The mathematical models that I’ve been using since starting my job are significantly more complex than what is presented in the CFA curriculum. Corporate finance, financial statements analysis, and most other topics covered in the exams are entirely, or almost entirely, irrelevant to my work.
Even though I would like to stop working towards a credential that won’t improve my job performance, I’ll stick with it for two reasons. First, it is generally expected that anyone working in qualitative or quantitative portfolio management becomes a CFA charterholder; in line with this expectation, at least half of the people I work with on a regular basis hold the CFA charter. Second, and more important for my career prospects, the CFA charterholders I work with are disproportionately concentrated in management positions.
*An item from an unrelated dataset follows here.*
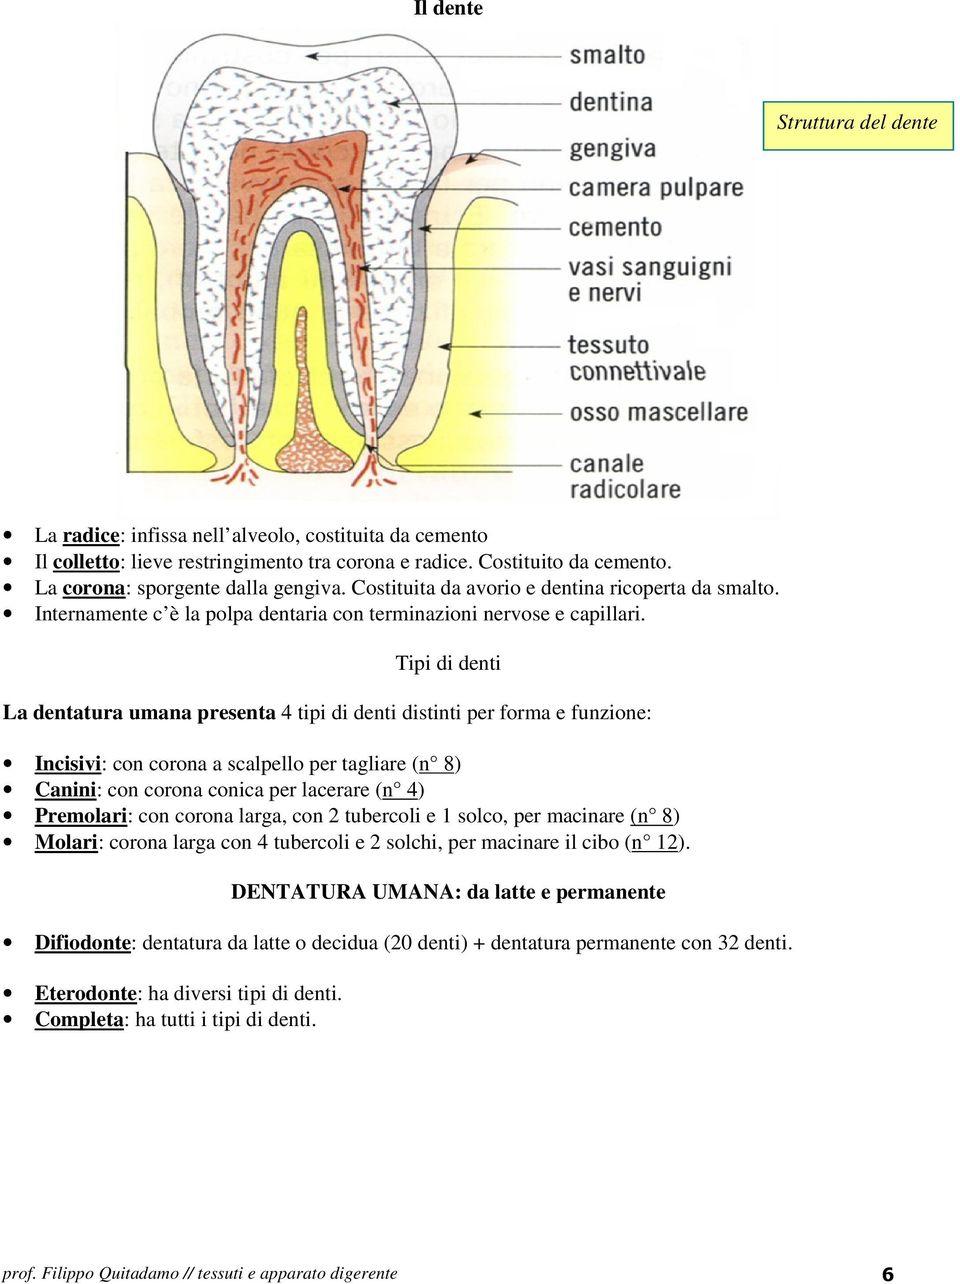 Tipi di denti La dentatura umana presenta 4 tipi di denti distinti per forma e funzione: Incisivi: con corona a scalpello per tagliare (n 8) Canini: con corona conica per lacerare (n 4) Premolari:

On a performance basis, my decision to continue the program seems like a standard example of the sunk cost fallacy in action – or attributable to any number of behavioral biases. However, the signaling effect of becoming a CFA charterholder, in terms of credibility and promotion potential, would seem to make the investment worthwhile.
Regardless, I greatly appreciate the work you’ve been doing to highlight how signaling can explain a substantial part of the return to education. Hopefully, credential inflation will abate before a majority of janitors have bachelor’s degrees.